*What to work on*
Your job is to give again, exactly and with no additions, the lines in the records below from the one with "8 Web Page Reference" through the one with "The Indian women’s", both included. Omit the pictures.
[Information given — start]
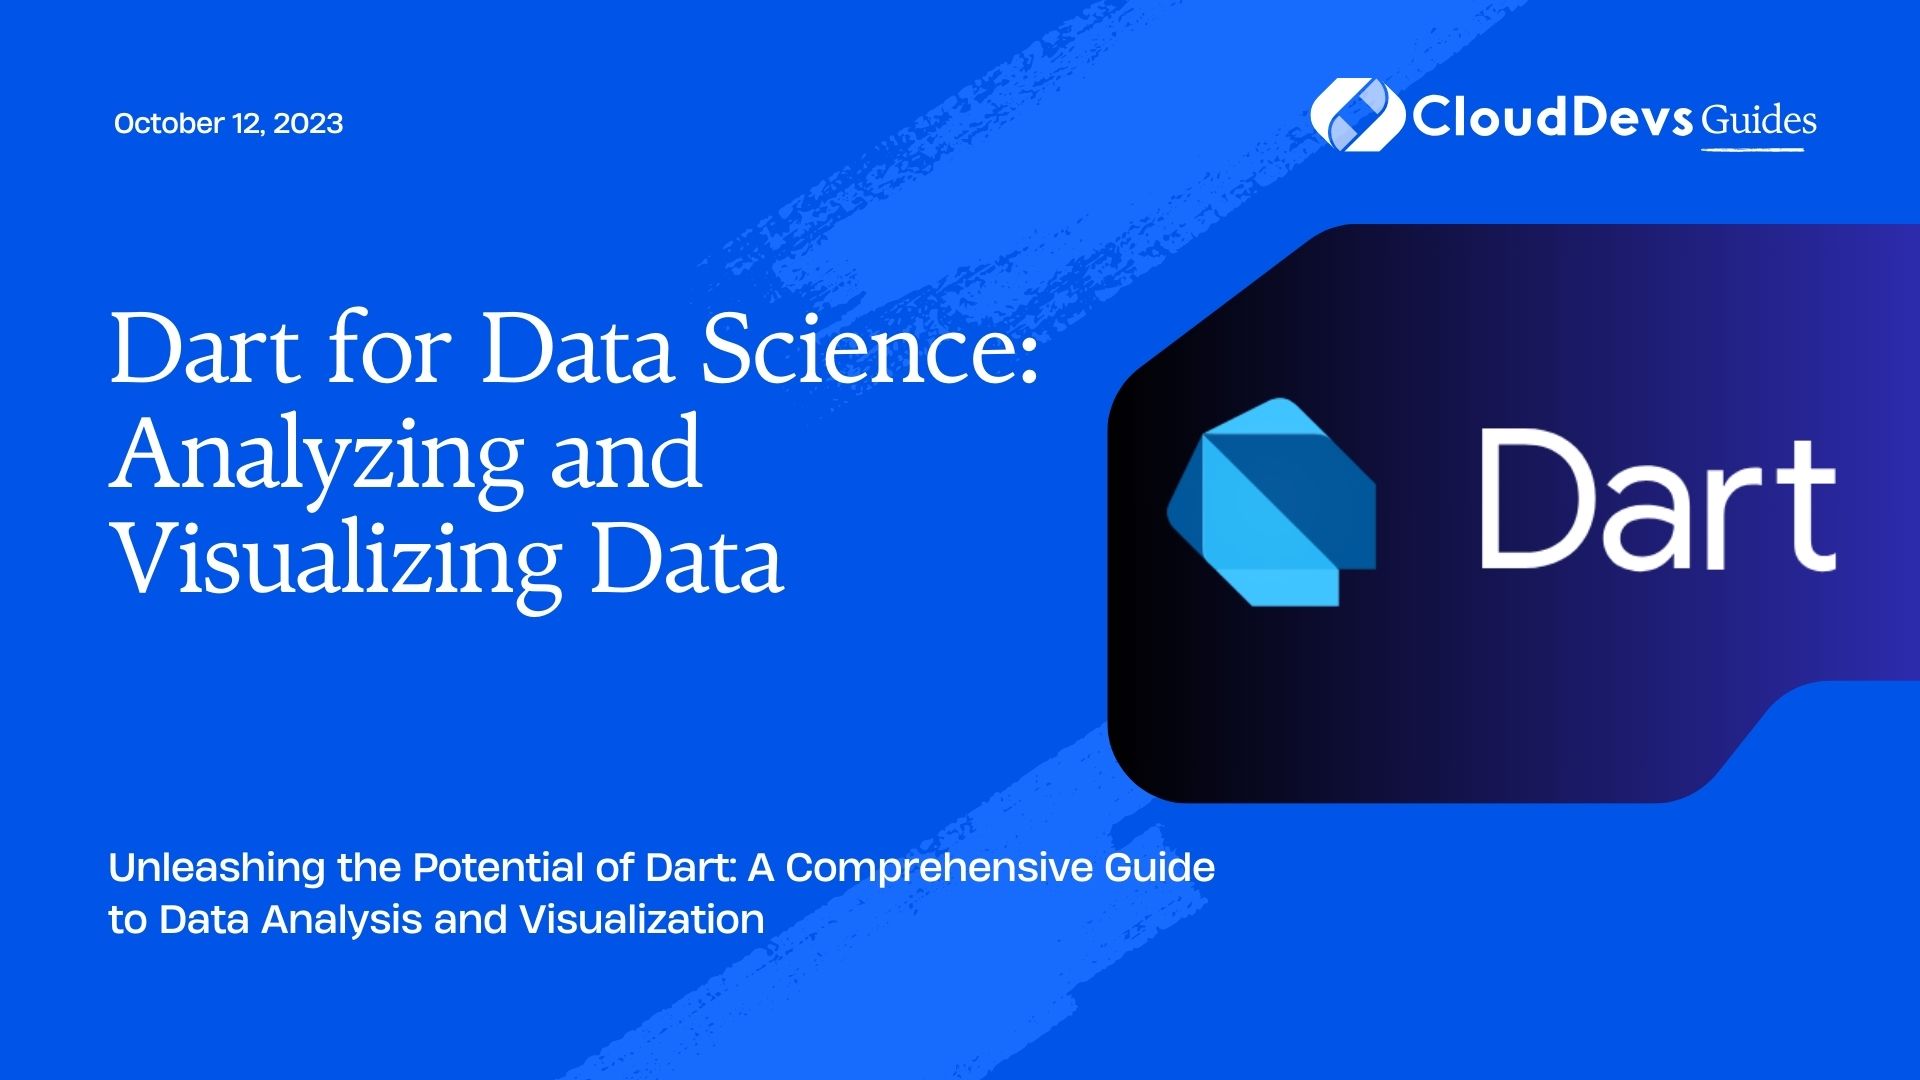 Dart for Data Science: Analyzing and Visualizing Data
[Information given — finish]
[Information given — start]
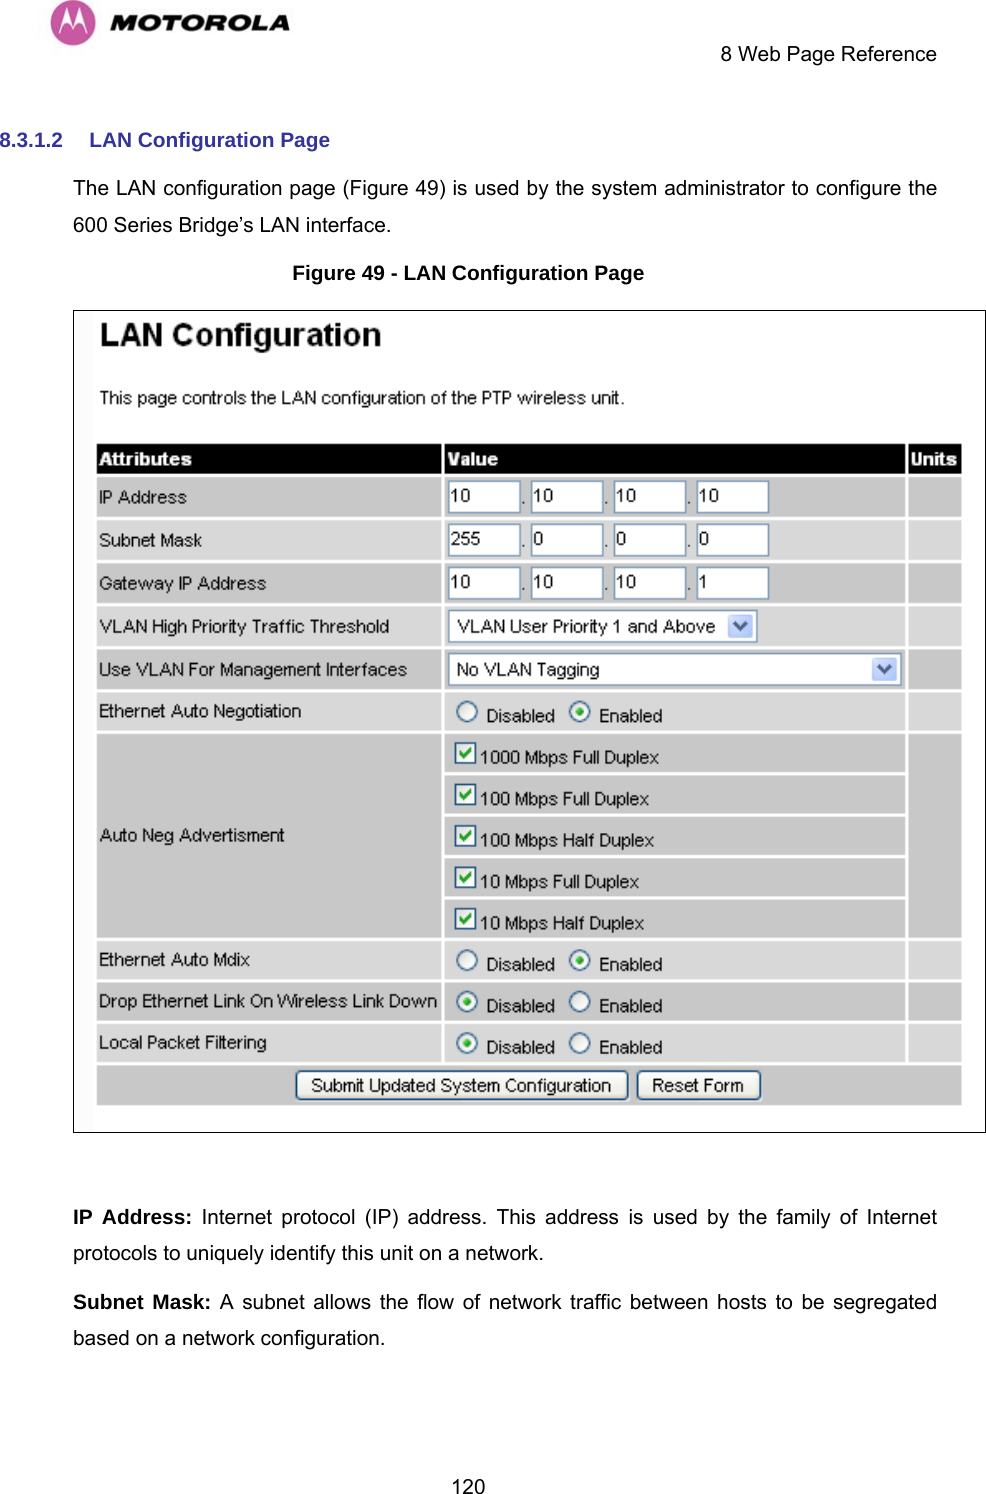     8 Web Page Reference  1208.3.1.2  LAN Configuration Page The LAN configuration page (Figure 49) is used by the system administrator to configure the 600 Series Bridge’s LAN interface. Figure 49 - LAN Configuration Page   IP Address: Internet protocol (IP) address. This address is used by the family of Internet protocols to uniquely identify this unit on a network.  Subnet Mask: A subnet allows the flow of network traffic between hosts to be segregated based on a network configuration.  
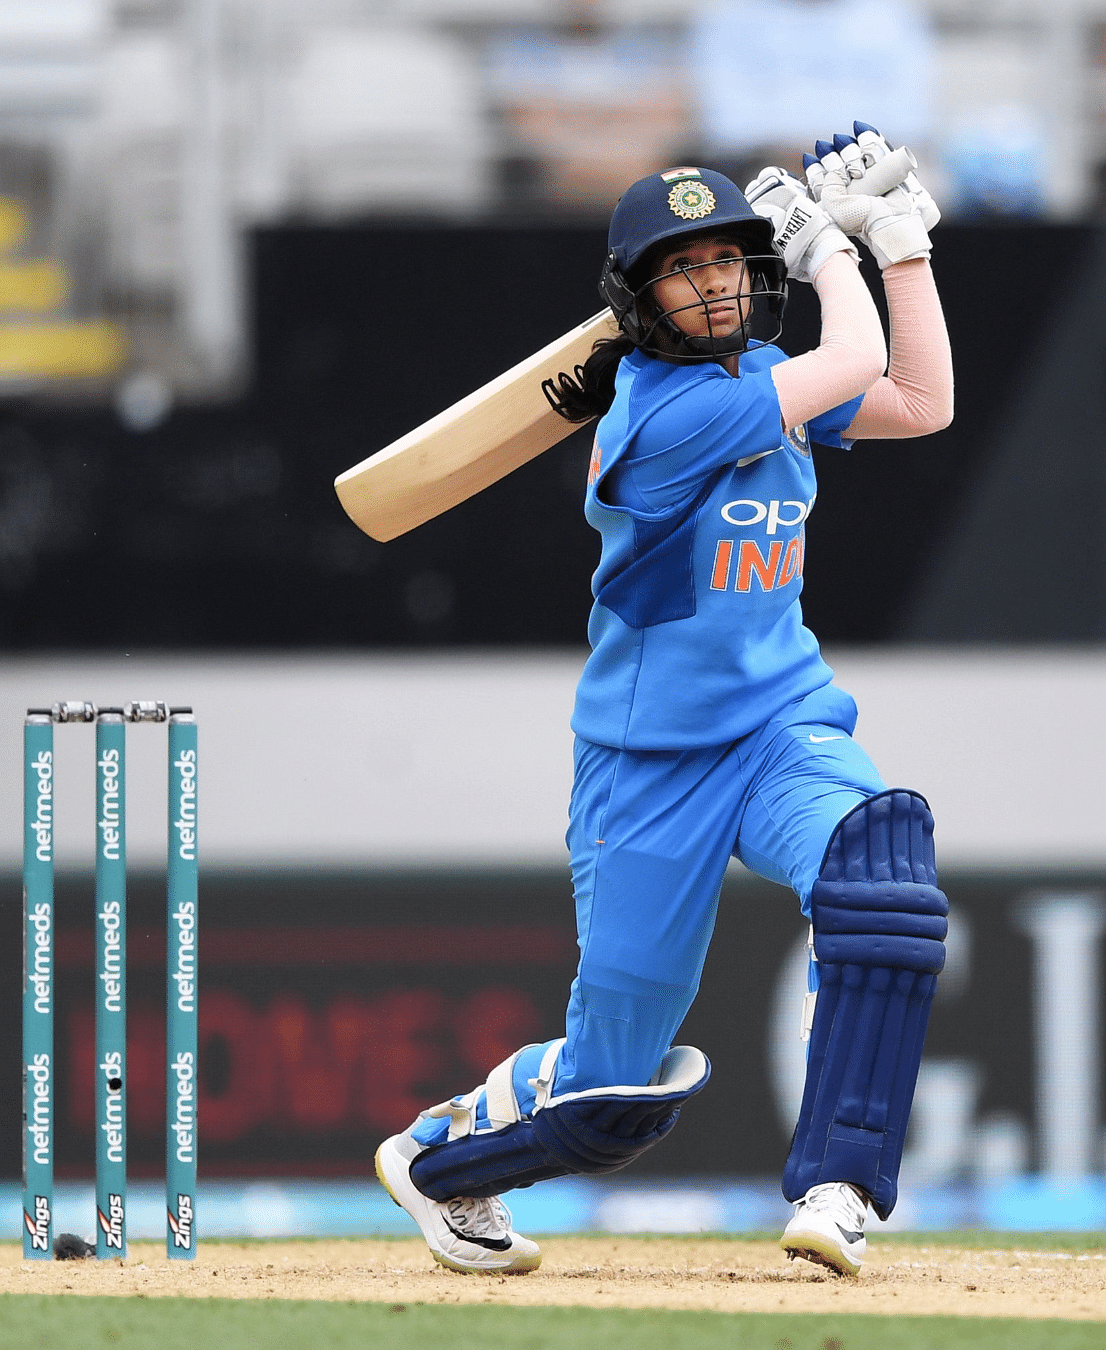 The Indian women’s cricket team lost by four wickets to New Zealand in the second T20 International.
[Information given — finish]
*Answer for this exercise*
     8 Web Page Reference  1208.3.1.2  LAN Configuration Page The LAN configuration page (Figure 49) is used by the system administrator to configure the 600 Series Bridge’s LAN interface. Figure 49 - LAN Configuration Page   IP Address: Internet protocol (IP) address. This address is used by the family of Internet protocols to uniquely identify this unit on a network.  Subnet Mask: A subnet allows the flow of network traffic between hosts to be segregated based on a network configuration.  
 The Indian women’s cricket team lost by four wickets to New Zealand in the second T20 International.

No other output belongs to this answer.